Pension or ISA contributions?

Assuming client stays at same tax rate pre- & post-retirement

  £20,000 net contribution (after all tax relief reclaimed)
  ISA Pension
BRT (20%) £ 20,000 £ 25,000
HRT (40%) £ 20,000 £ 33,333
ADRT (45%) £ 20,000 £ 36,363
Withdrawing £10,000 net per annum (no growth)
Gross £ 10,000 £ 11,765* £ 14,286* £ 15,095*
Start £ 200,000 £ 250,000 £ 333,333 £ 363,363
5 Years £ 150,000 £ 191,175 £ 261,903 £ 288,161
10 Years £ 100,000 £ 132,350 £ 190,473 £ 212,685
15 Years £ 50,000 £ 73,525 £ 119,043 £ 137,211
20 Years £ 0 £ 14,700 £ 47,613 £ 61,736

*Based on 25% tax free and 75% at marginal rates

10 years (no growth)
ISA £ 200,000
Pension (BRT) £ 250,000
Pension (HRT) £ 333,333
Pension (ADRT) £ 363,363

Please note: This will differ for Scottish taxpayers.

If we assume the client pays the same rate of tax on the way out as the tax relief received on the way in – so, for example, they are a basic-rate taxpayer when the contributions are made and a basic-rate taxpayer when they make withdrawals – which wrapper produces the best result?

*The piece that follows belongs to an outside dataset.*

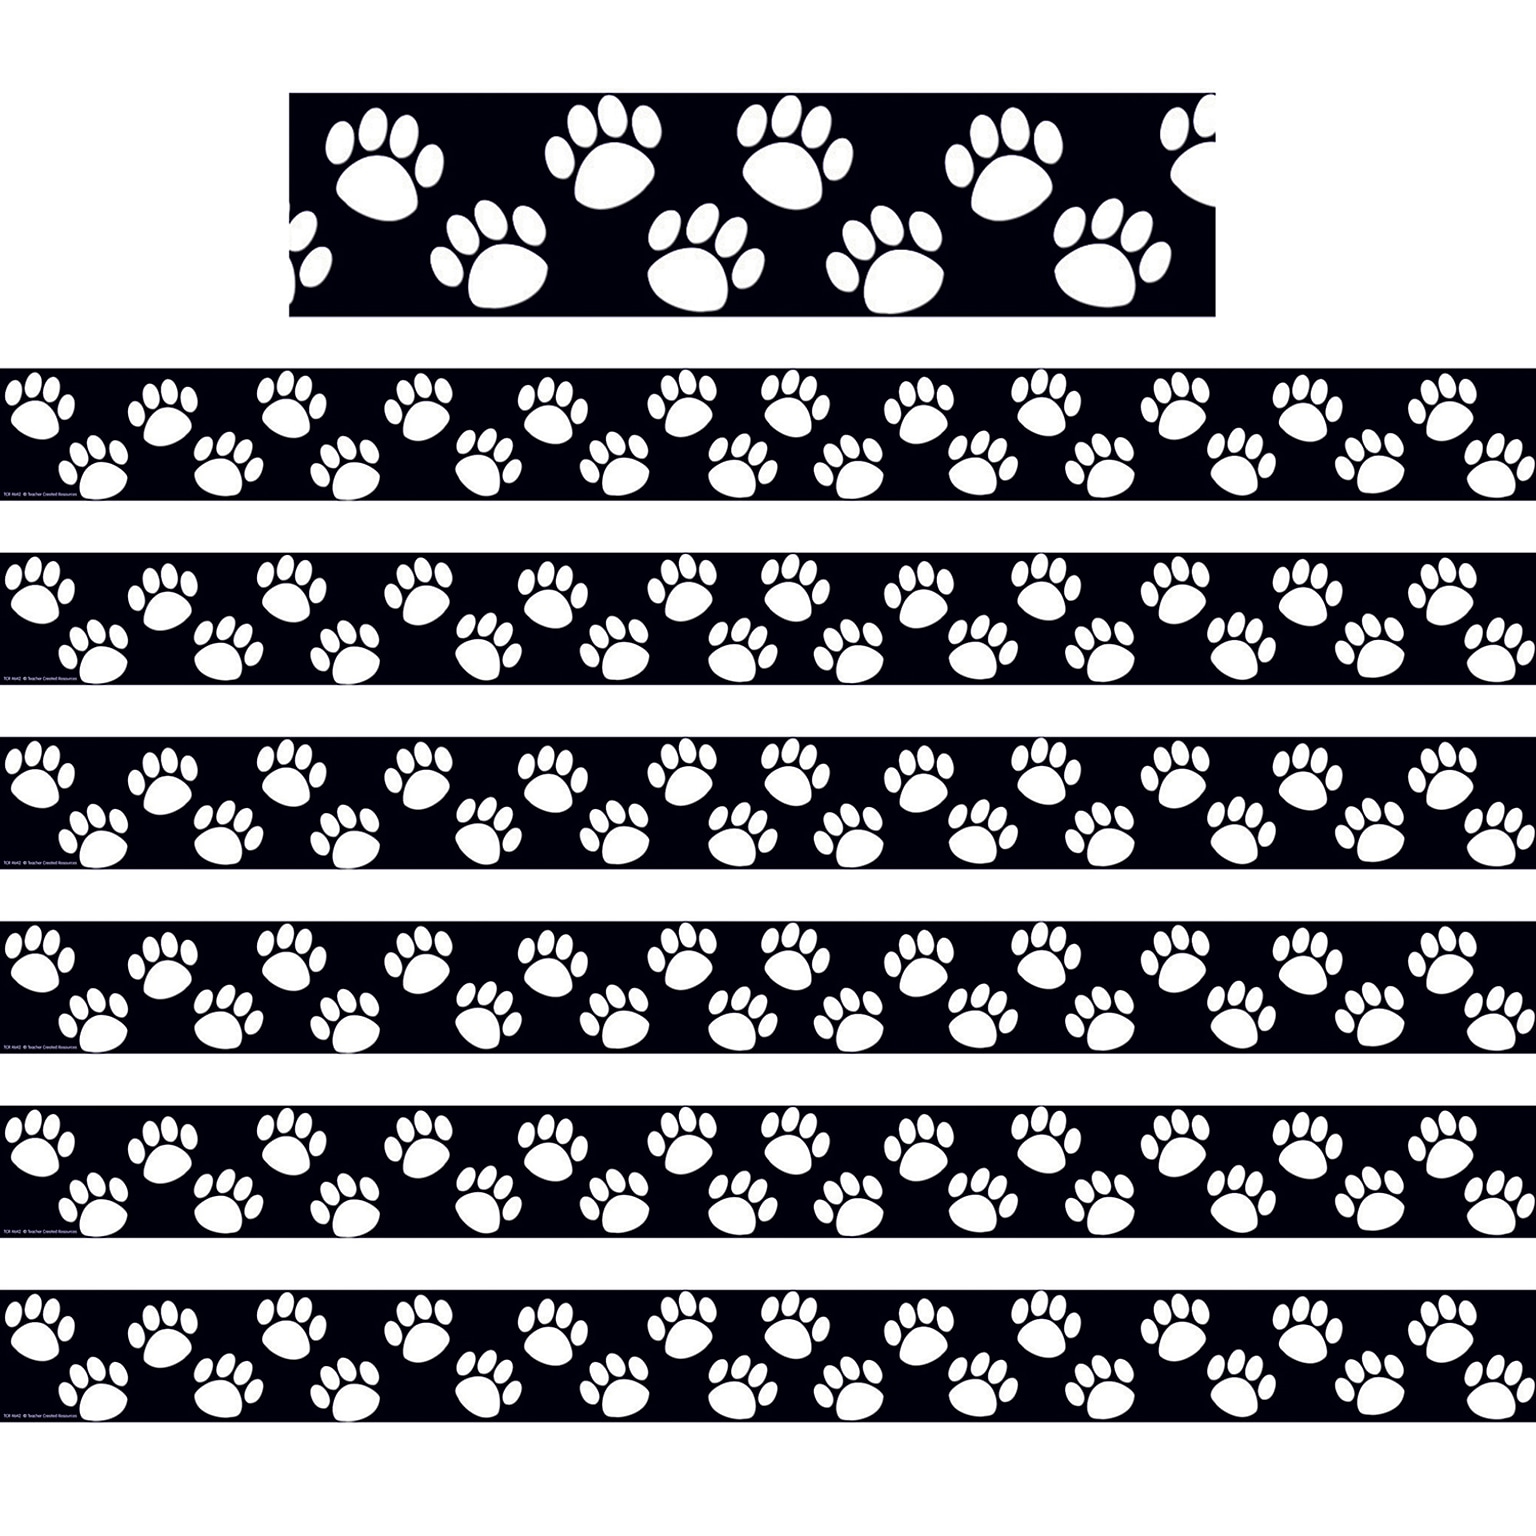 Teacher Created Resources 3 Straight Border, Black with White Paw Prints, 35 Per Pack, 6 Packs (TCR4642-6)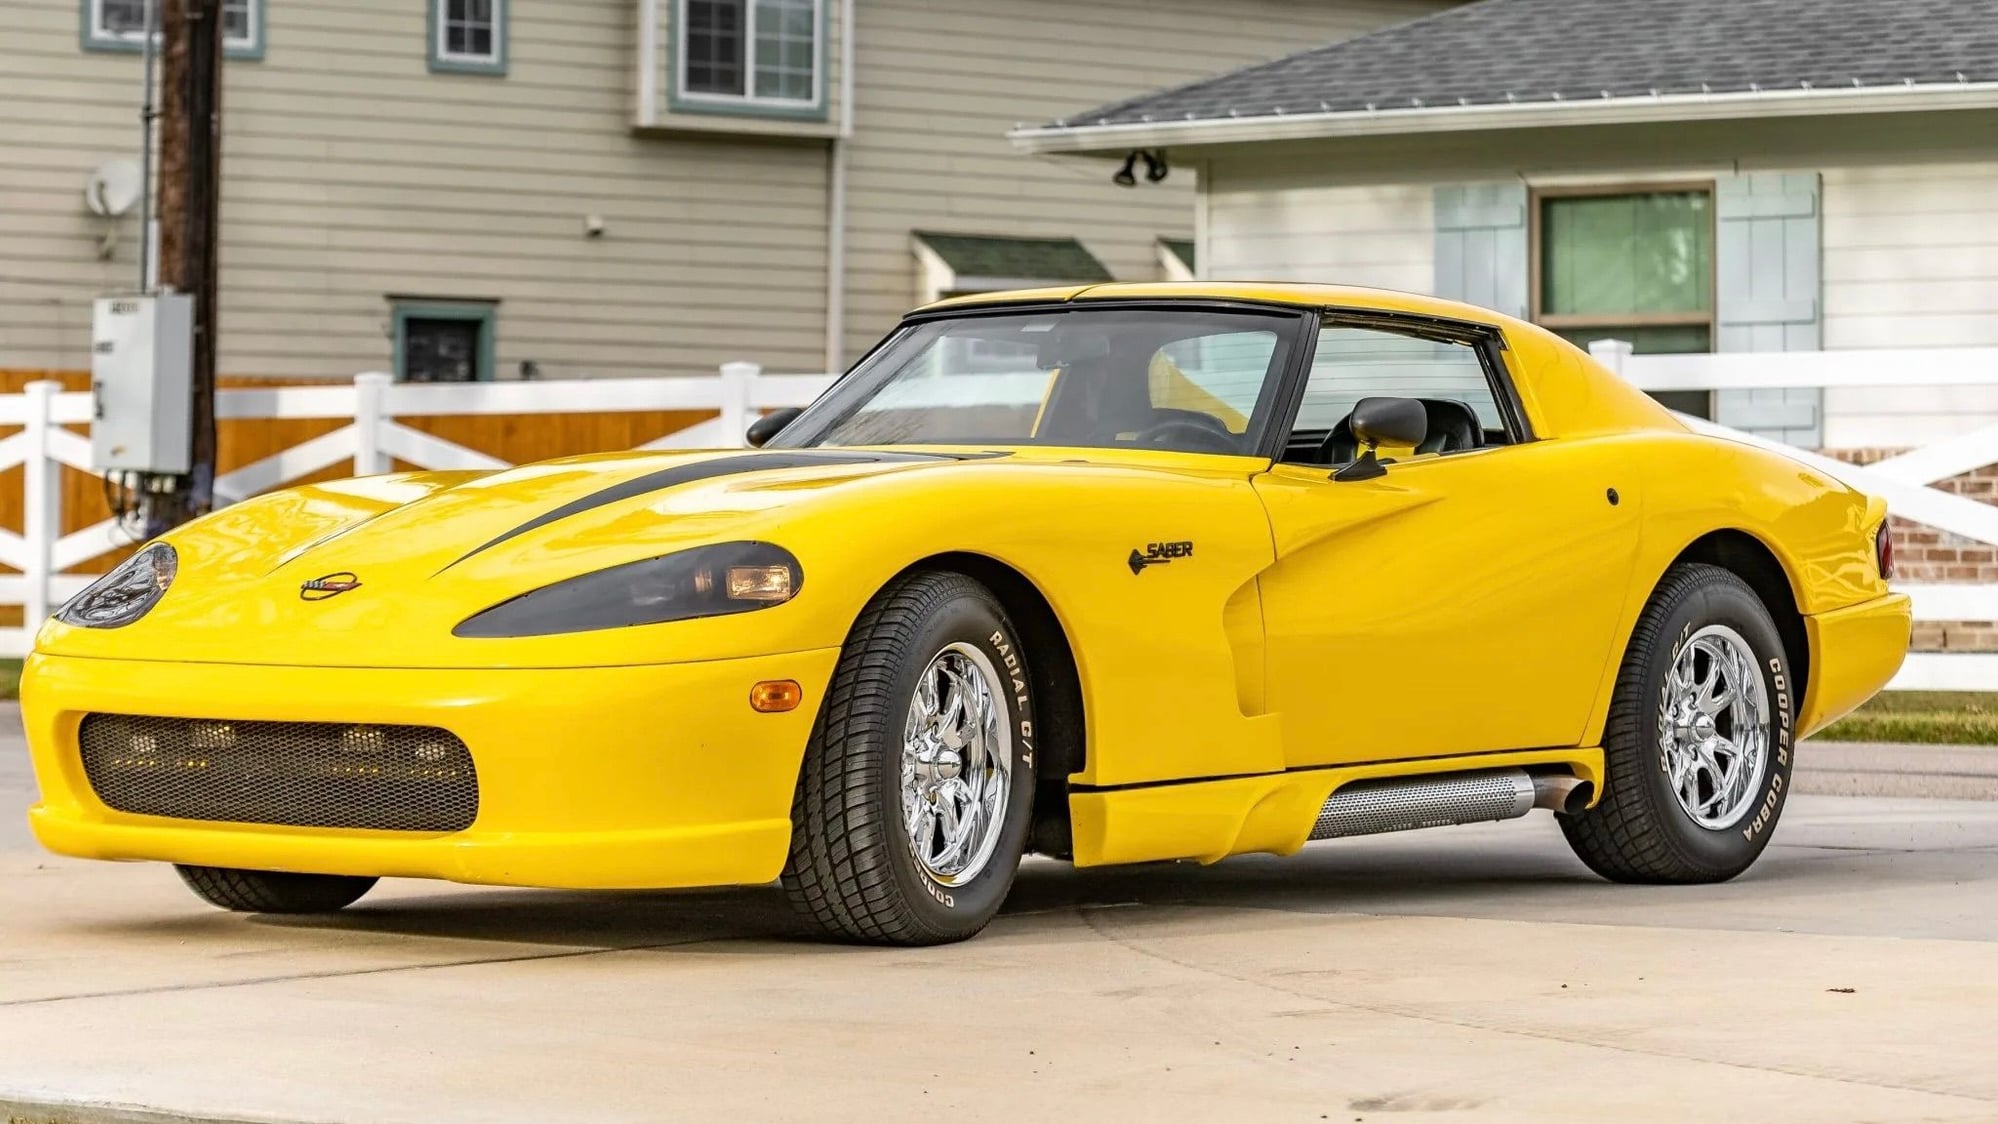 C3 Corvette With Viper Body Is the Strangest Thing We've Seen

Quite simply, ignoring any investment growth, the amount within the ISA will last 20 years if £10,000 is withdrawn each year. However, if the client is a basic-rate taxpayer, they will still have £14,700 remaining within their pension under the same scenario – and it’s not until year 5 that the client has less money in their pension than the £200k net amount paid in. What’s more, a higher-rate taxpayer will still have £47,613 within their pension at the end of the 20-year period while an additional-rate taxpayer will have £61,736 remaining.

So, it’s important not to deceive ourselves that the efficacy of an ISA outweighs the efficacy of a pension, even if the client is paying tax on the way out.